Le fonctionnaire poursuivi pénalement peut être suspendu et il peut faire l’objet d’une procédure disciplinaire. Par exemple, constitue un manquement à ses obligations en matière de secret professionnel le fait pour un agent de diffuser largement auprès de ses collègues de travail et de sa hiérarchie, en utilisant la messagerie électronique professionnelle, des notes et des rapports contenant de nombreuses informations à caractère fiscal recueillies notamment au cours d’opérations de vérification de comptabilité de sociétés, justifiant que lui soit infligée une sanction disciplinaire18.

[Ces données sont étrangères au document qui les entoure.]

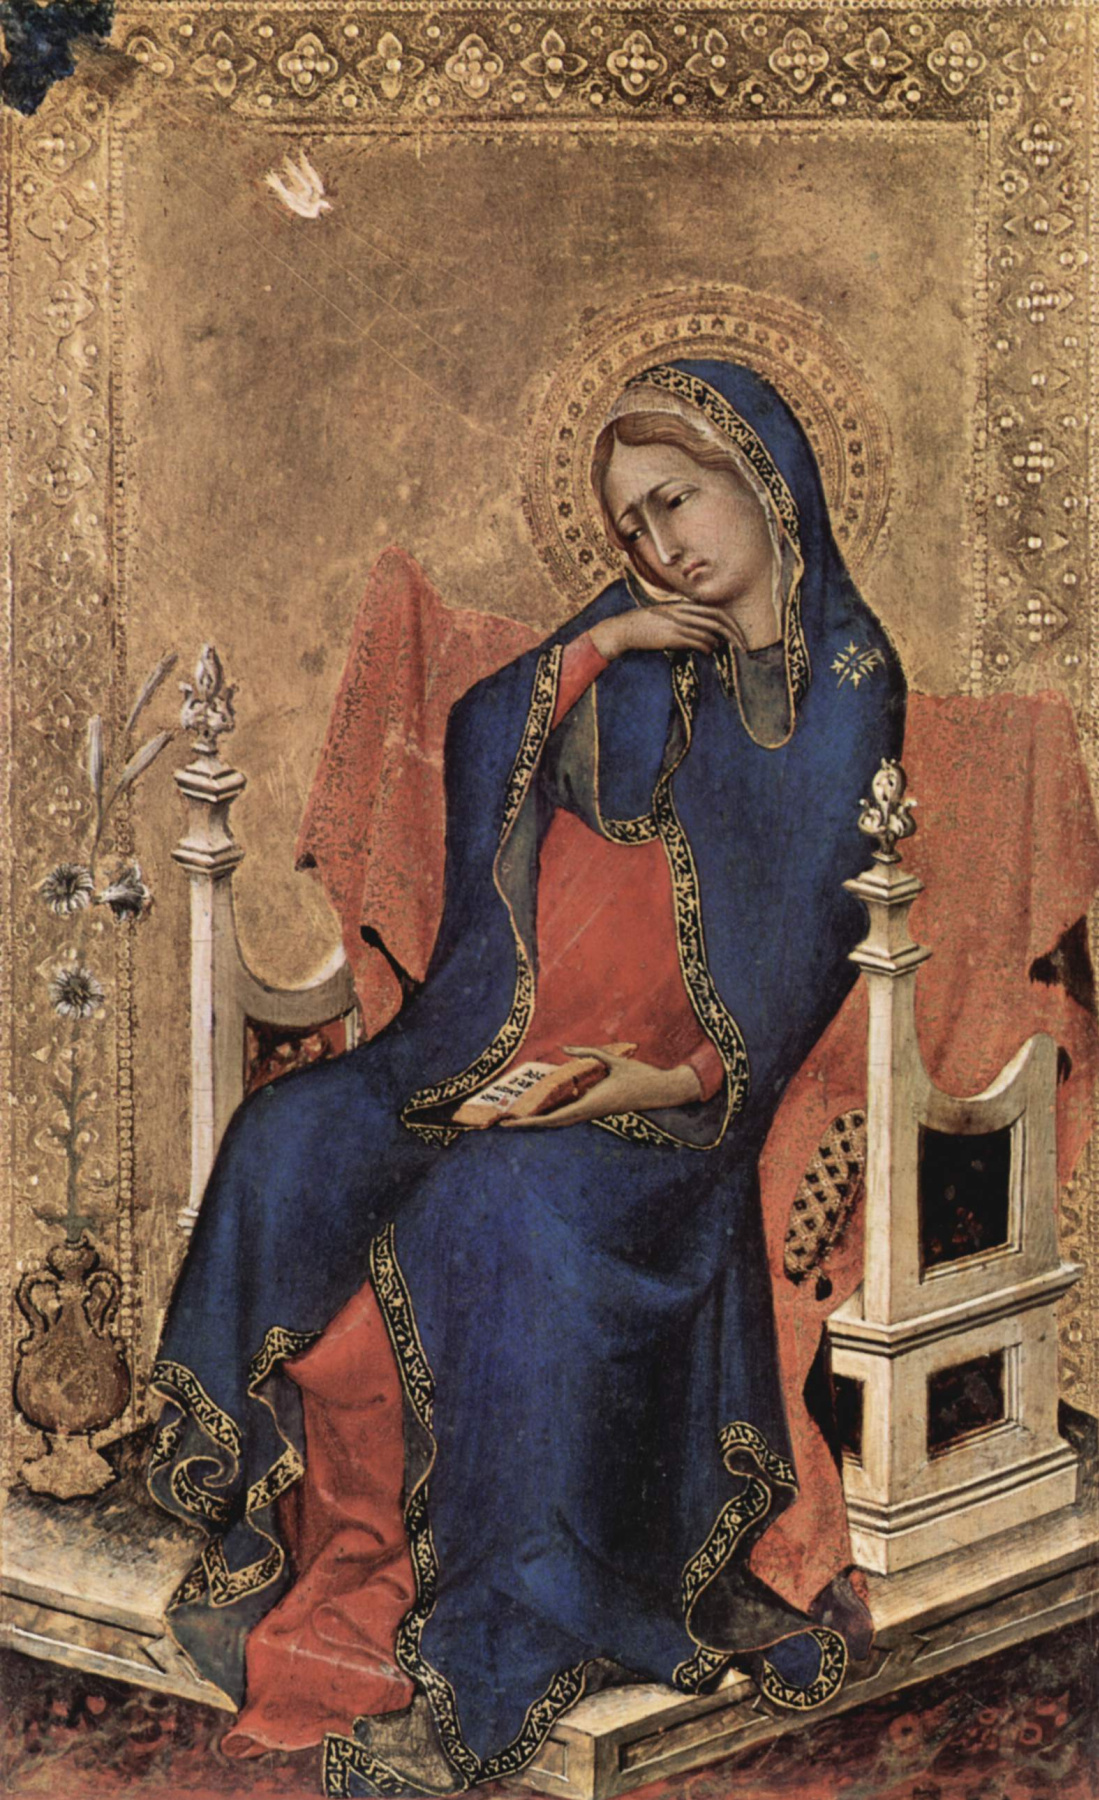 Simone Martini. The Altar Orsini. The Annunciation Of Mary

Le juge pénal apprécie plus sévèrement les manquements au secret professionnel lorsqu’un administré a confié des informations à un agent public qui était chargé de les recueillir ; que dans la circonstance où des informations sont parvenues fortuitement à la connaissance d’un agent public.


Références :

  1. Article 1-1 du décret n° 86-83 du 17 janvier 1986, relatif aux dispositions générales applicables aux agents contractuels de l’Etat ; article 1-1 du décret n° 88-145 du 15 février 1988, relatif aux agents contractuels de la fonction publique territoriale ; et article 1-1 du décret n° 91-155 du 6 février 1991, relatif aux dispositions générales applicables aux agents contractuels de la fonction publique hospitalière ;
  2. Article L121-6 du CGFP ;
  3. Cass.crim., 25 janvier 1968, pourvoi n° 66-93.877 ;
  4. Article 226-22 du code pénal ;
  5. Articles L311-3 et L311-6 du code des relation entre le public et l’administration ;
  6. CE, 11 février 1972, Sieur Crochette, requête n° 76799 ;
  7. CE, 31 mai 1995, requête n° 114744 ;
  8. CE, 9 juin 2006, requête n° 275937 ;
  9. Voir note 7. ;
  10. CE, 16 février 2024, requête n° 467533 ;
  11. Article 40 du code de procédure pénale ;
  12. Article L3113-1 du code de la santé publique ;
  13. Article L83 du livre des procédures fiscales ;
  14. Article L226-2-2 du code de l’action sociale et des familles ;
  15. CE, 14 décembre 1988, Département des Hauts-de-Seine, requête n° 68209 ;
  16. Article 226-13 du code pénal ;
  17. Article 226-22 du code pénal ;
  18. CAA Bordeaux, 15 novembre 2010, Ministre du budget, des comptes publiques, de la fonction publique et de la réforme de l’Etat, requête n° 09BX02805.